American actress and model

Linda L. Doucett (born July 2, 1954) is an American actress and model. She had a supporting role on The Larry Sanders Show and appeared in Playboy magazine. She also appeared in Herman's Head, Tales from the Crypt, and the made-for-television film Badge of Betrayal.

==Career==
Doucett began her modeling career in high school and got her start in acting by working as an extra in music videos for bands, such as Toto and the Beach Boys.

From 1992 to 1994, she played Darlene Chapinni, a devoted assistant to the titular host's sidekick Hank Kingsley, on The Larry Sanders Show.

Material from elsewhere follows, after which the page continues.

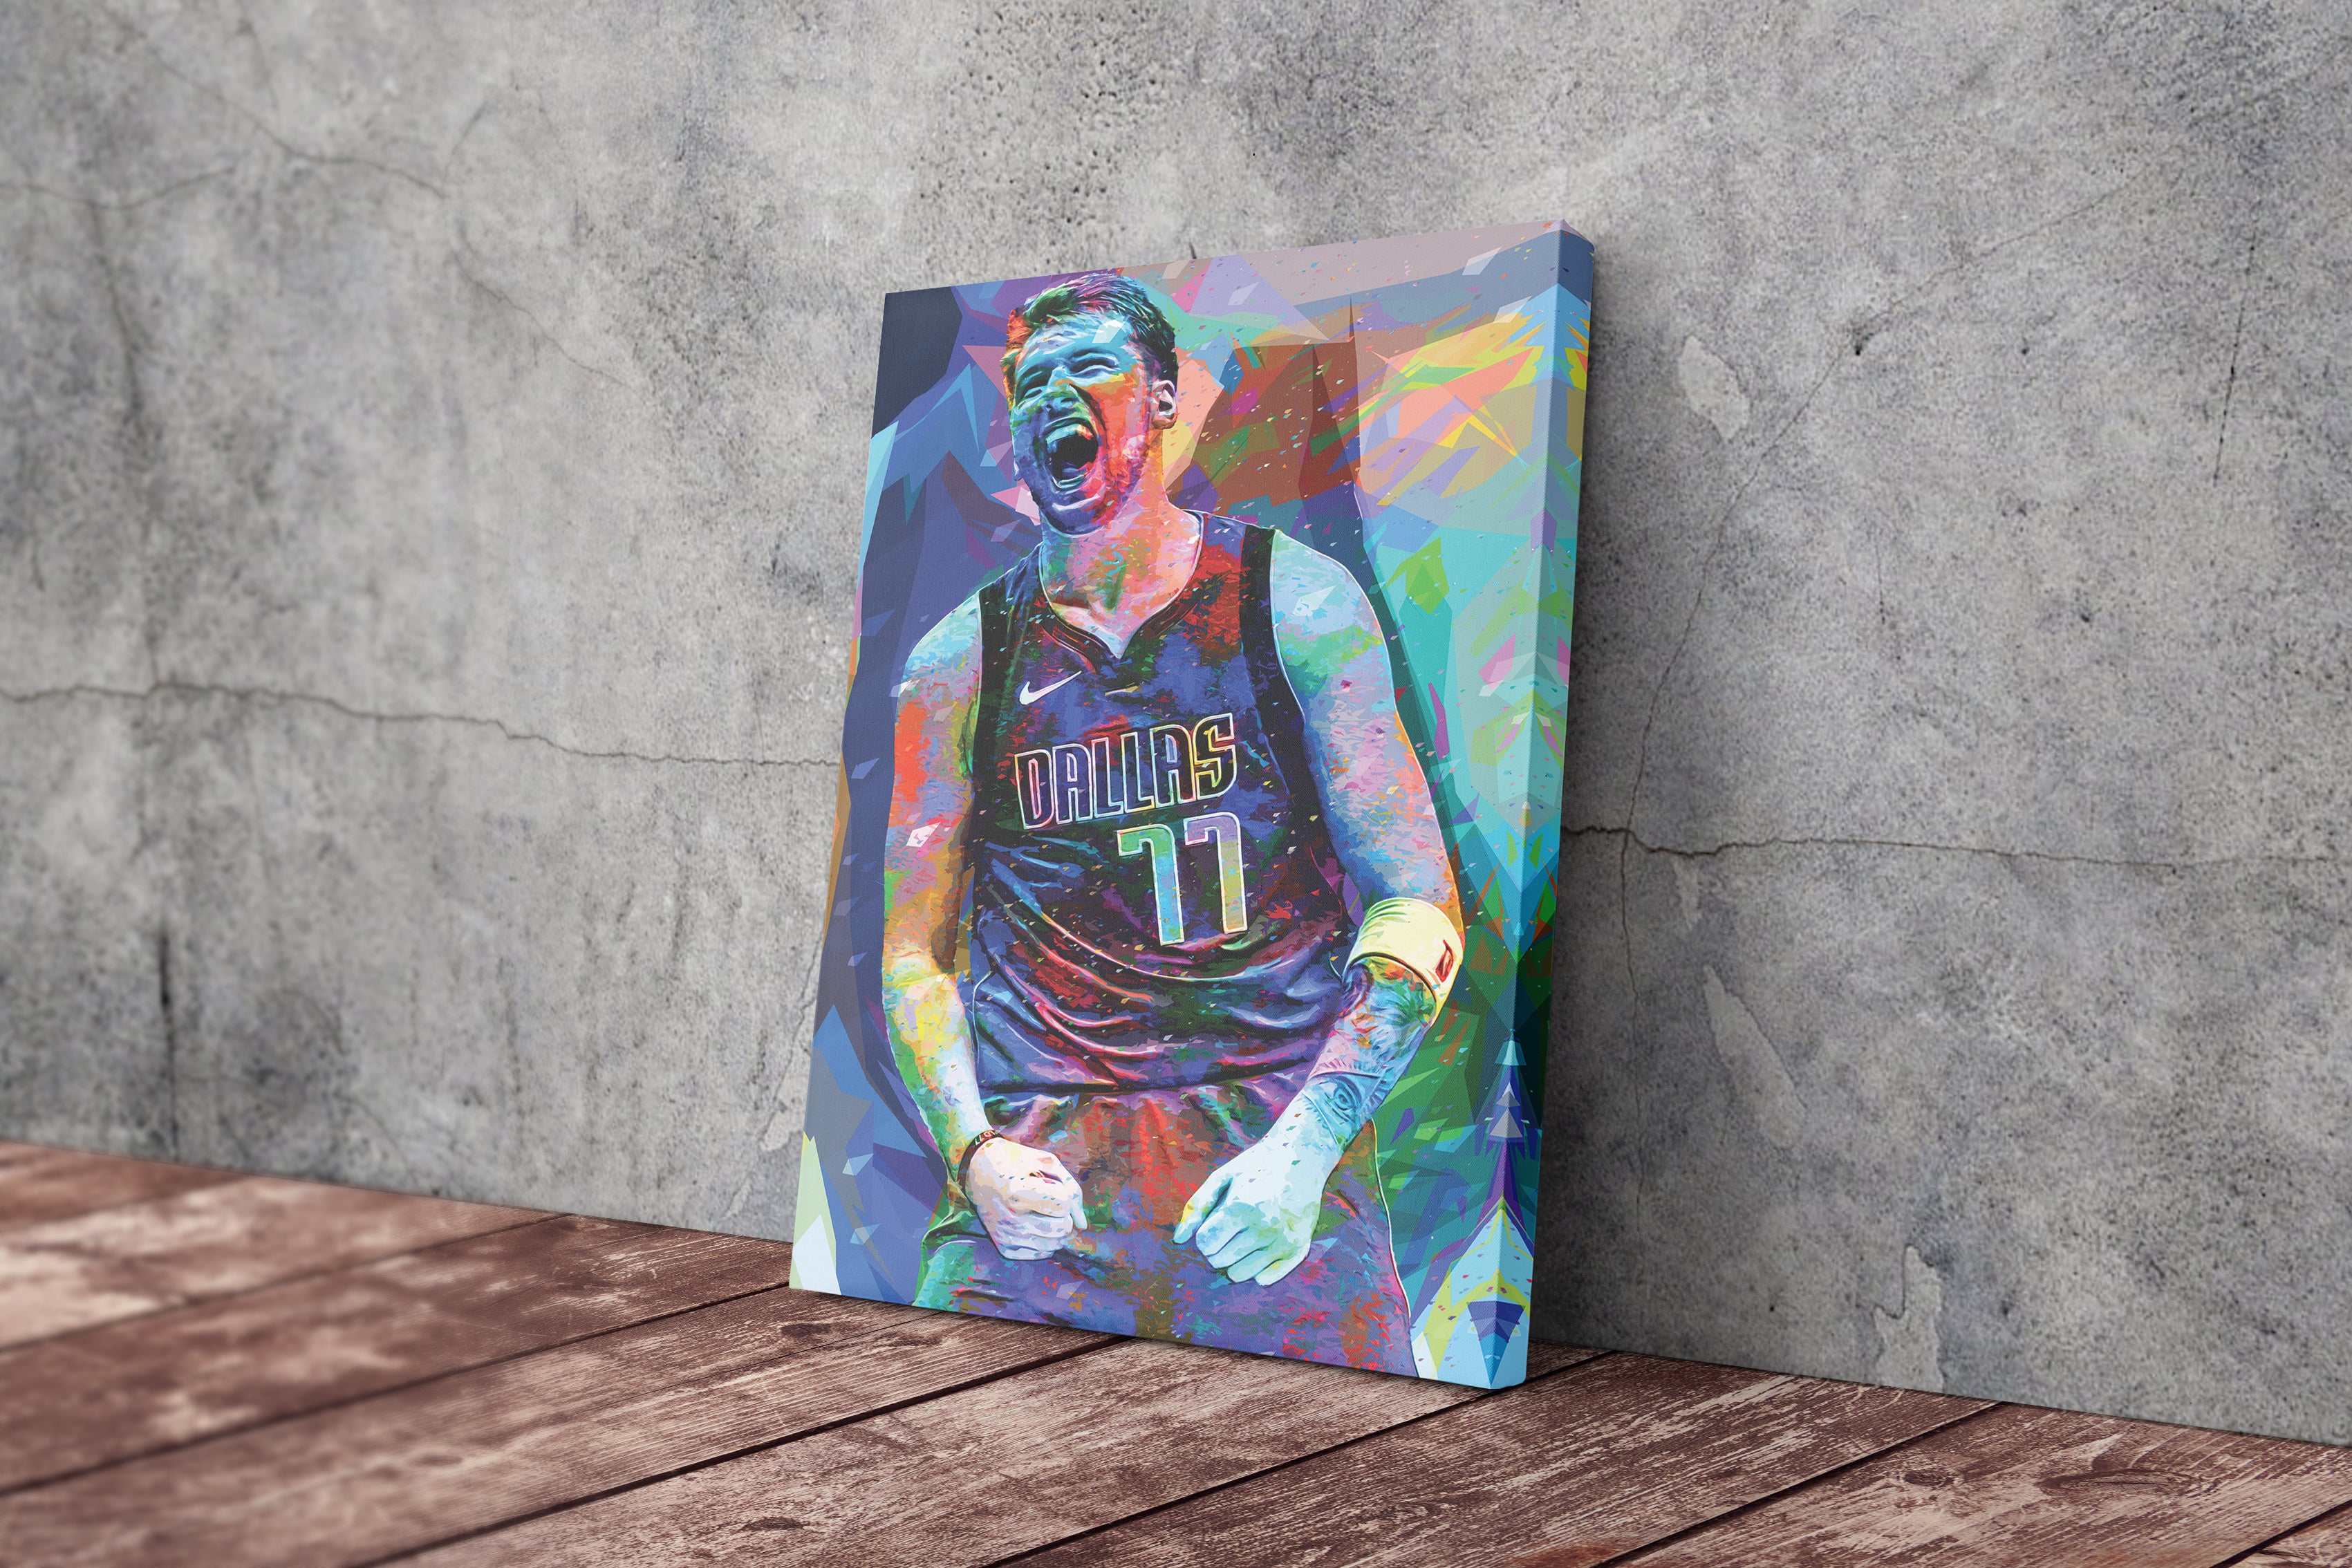 Luka Doncic Dallas Basketball Star Wall Art Home Decor - POSTER 20x30
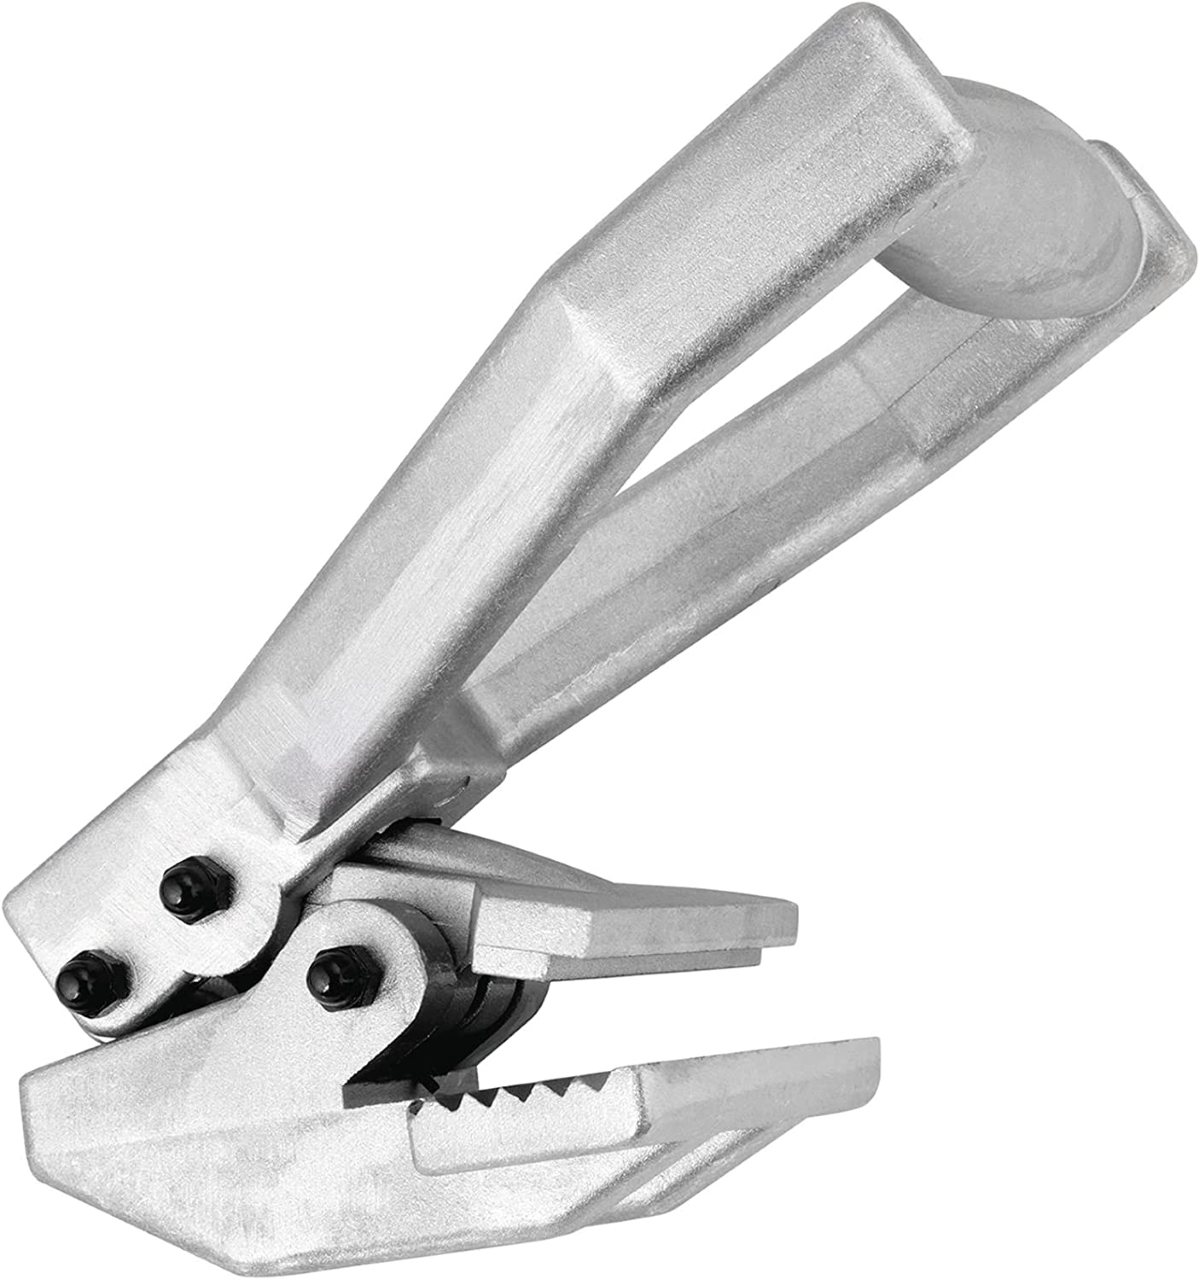 demolition tools - silver carpet puller

She was a regular for the first three seasons and replaced by Scott Thompson in 1994 after the first episode of the fourth season.

In 1993, Doucett posed in the September issue of Playboy. The release of that issue of Playboy coincided with the episode Broadcast Nudes of The Larry Sanders Show where her character is fictionally asked to pose for Playboy as well.

==Personal life==
Doucett met Garry Shandling at a party and dated him from 1987 to 1994. In 1994, when their relationship ended, Shandling had her dismissed from The Larry Sanders Show. In turn, Doucett filed a lawsuit against Shandling and producer Brad Grey's company Brillstein-Grey Entertainment for sexual harassment and wrongful termination, which was settled out of court in 1997 for $1 million.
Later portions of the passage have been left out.